* Exercise:
Once the pictures are set aside, transcribe the remaining data exactly.

* Data segment:
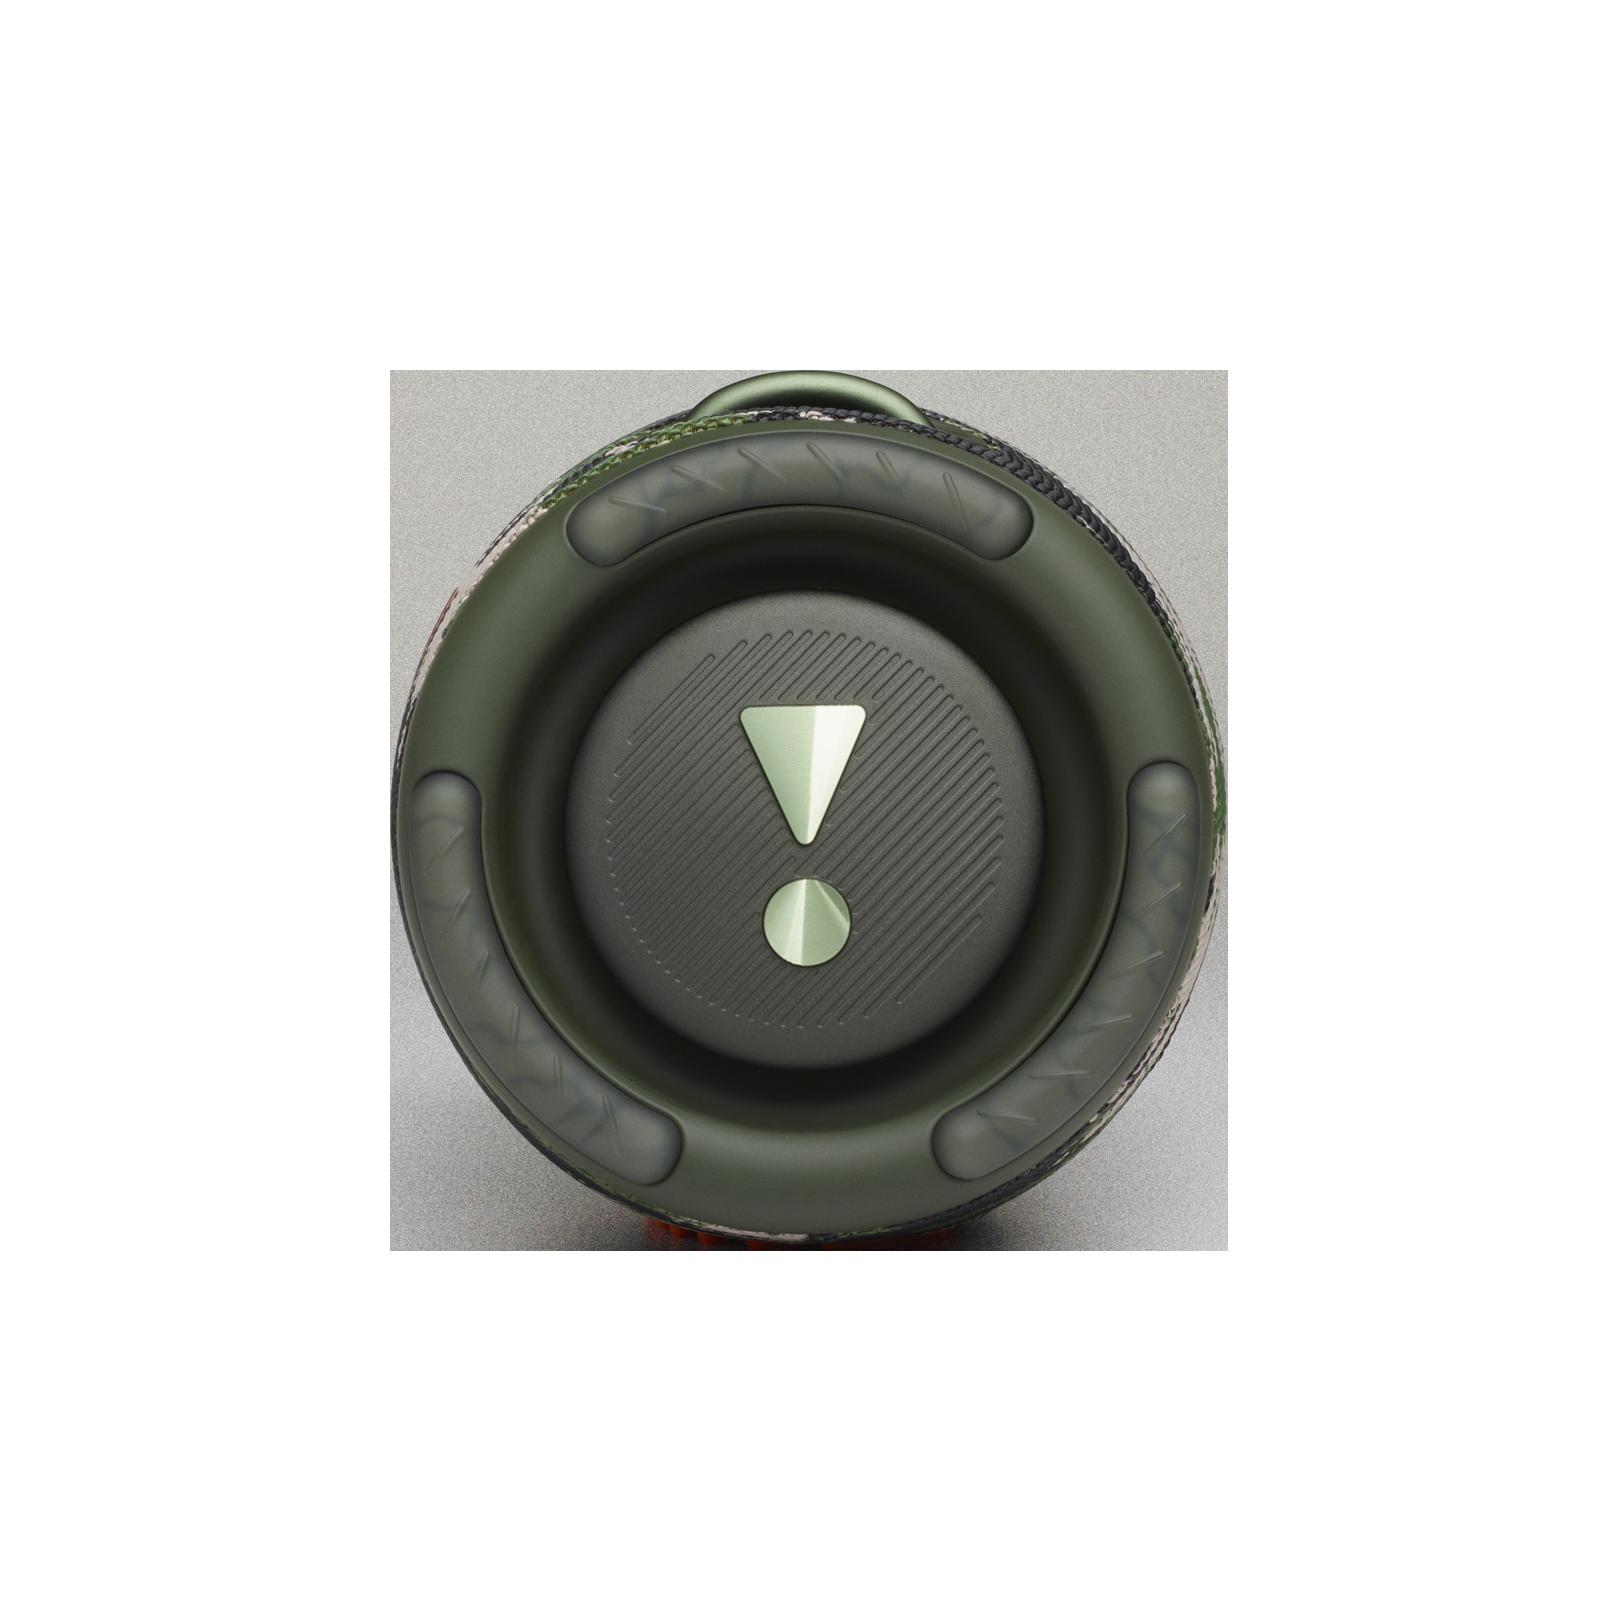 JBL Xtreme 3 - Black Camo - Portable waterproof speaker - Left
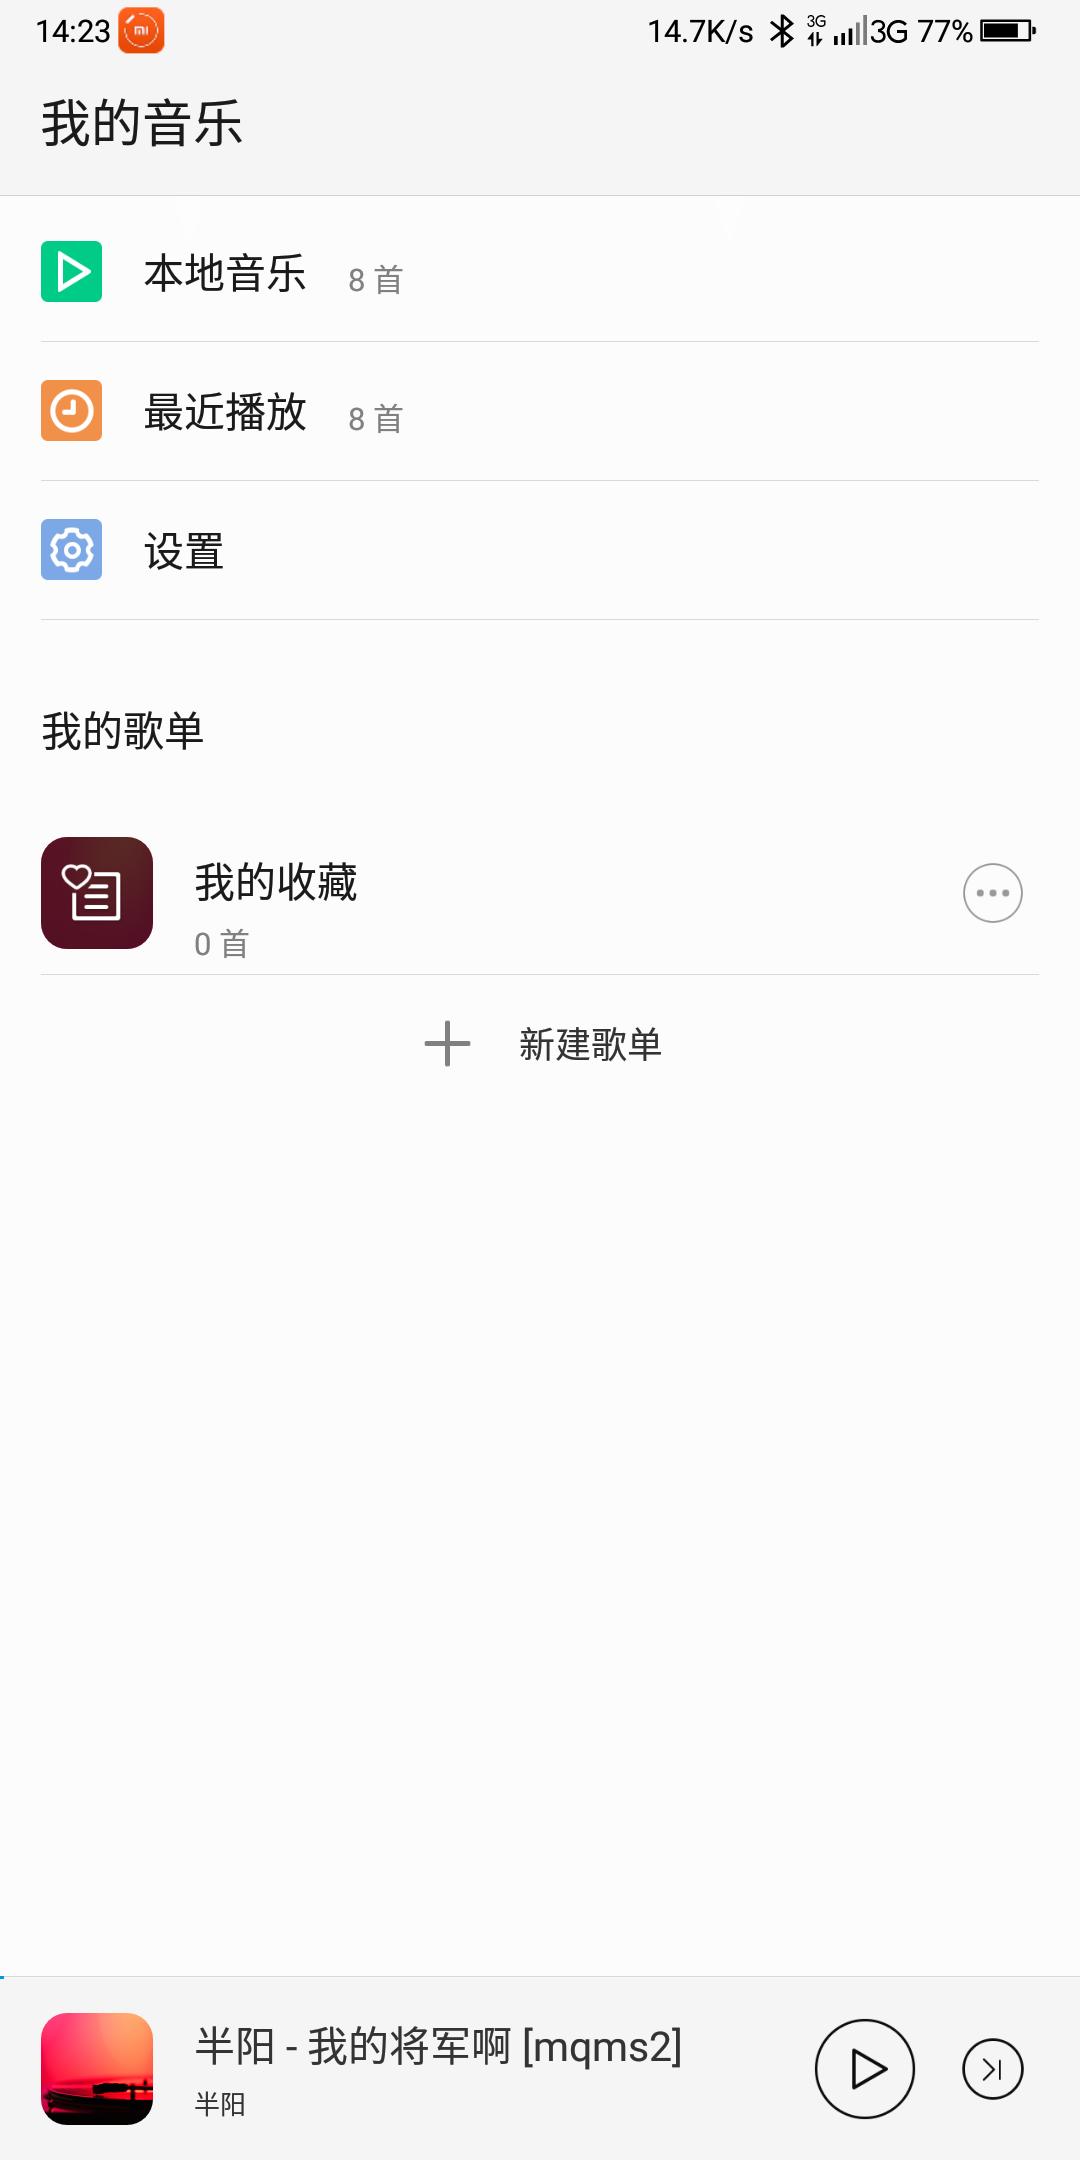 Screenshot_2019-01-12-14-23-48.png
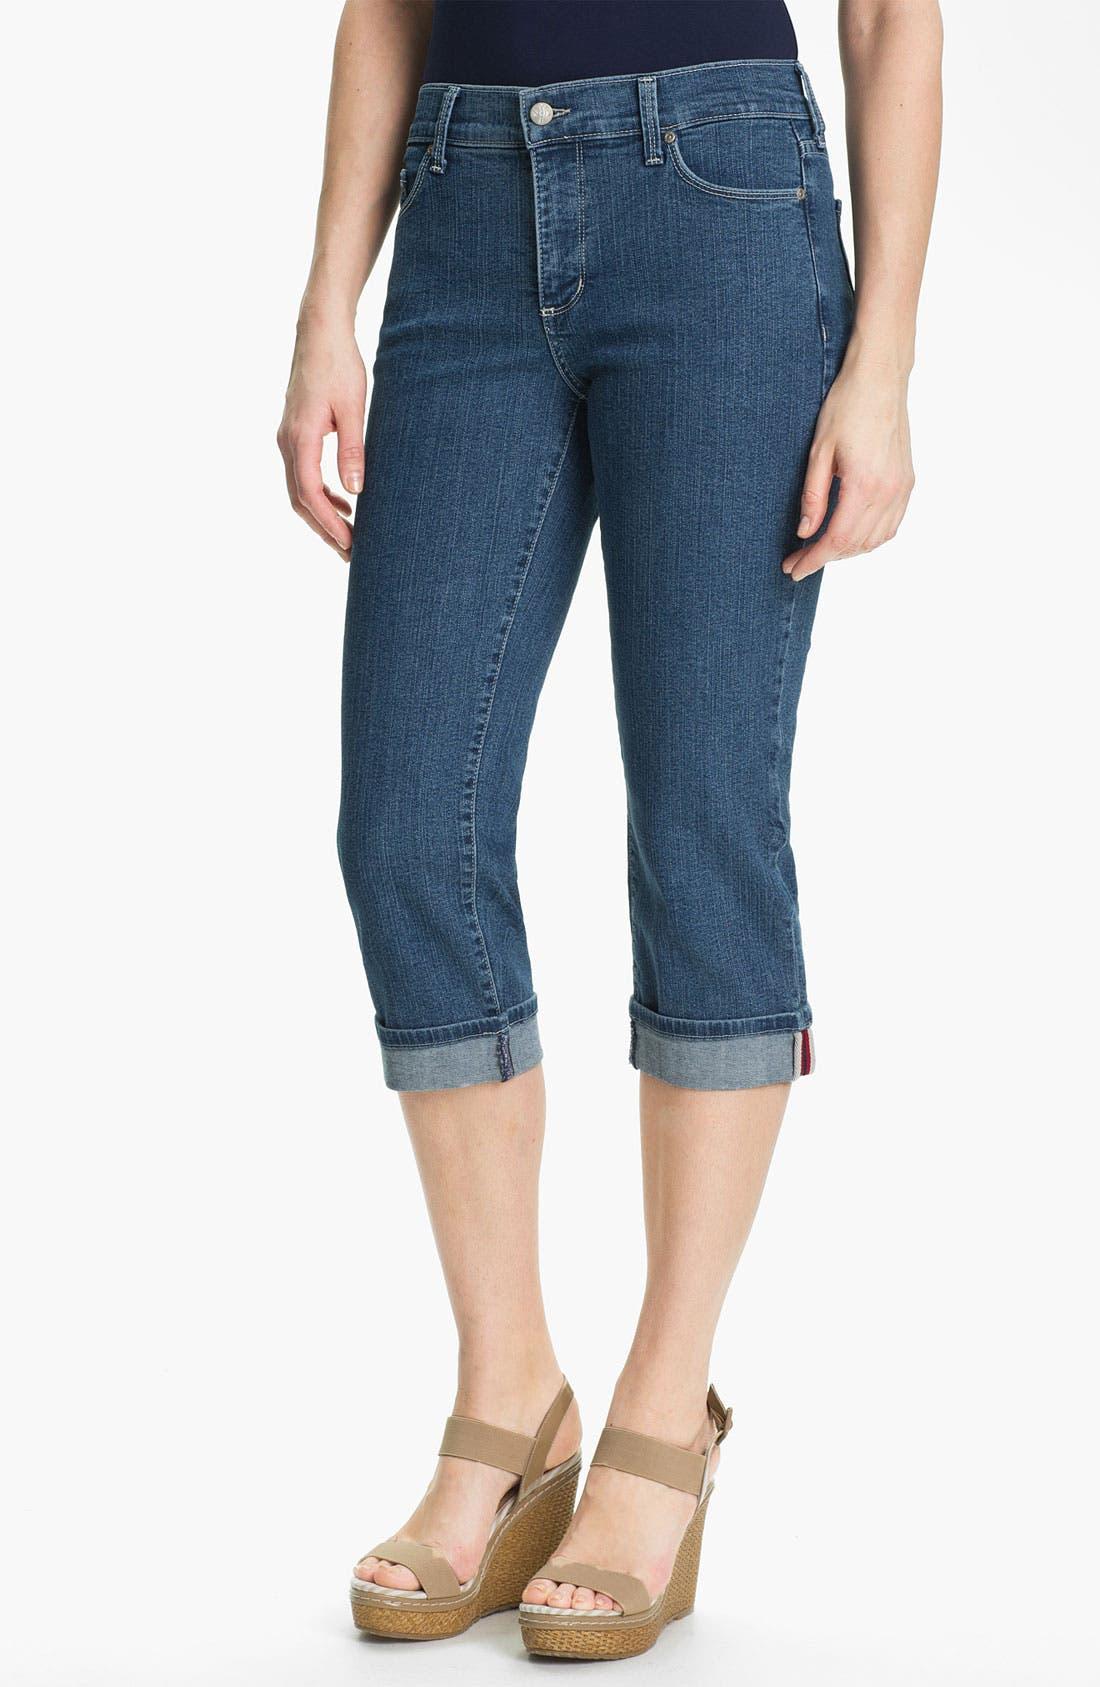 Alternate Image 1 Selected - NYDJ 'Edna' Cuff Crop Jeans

* Result of this task:
 JBL Xtreme 3 - Black Camo - Portable waterproof speaker - Left
 Screenshot_2019-01-12-14-23-48.png
 Alternate Image 1 Selected - NYDJ 'Edna' Cuff Crop Jeans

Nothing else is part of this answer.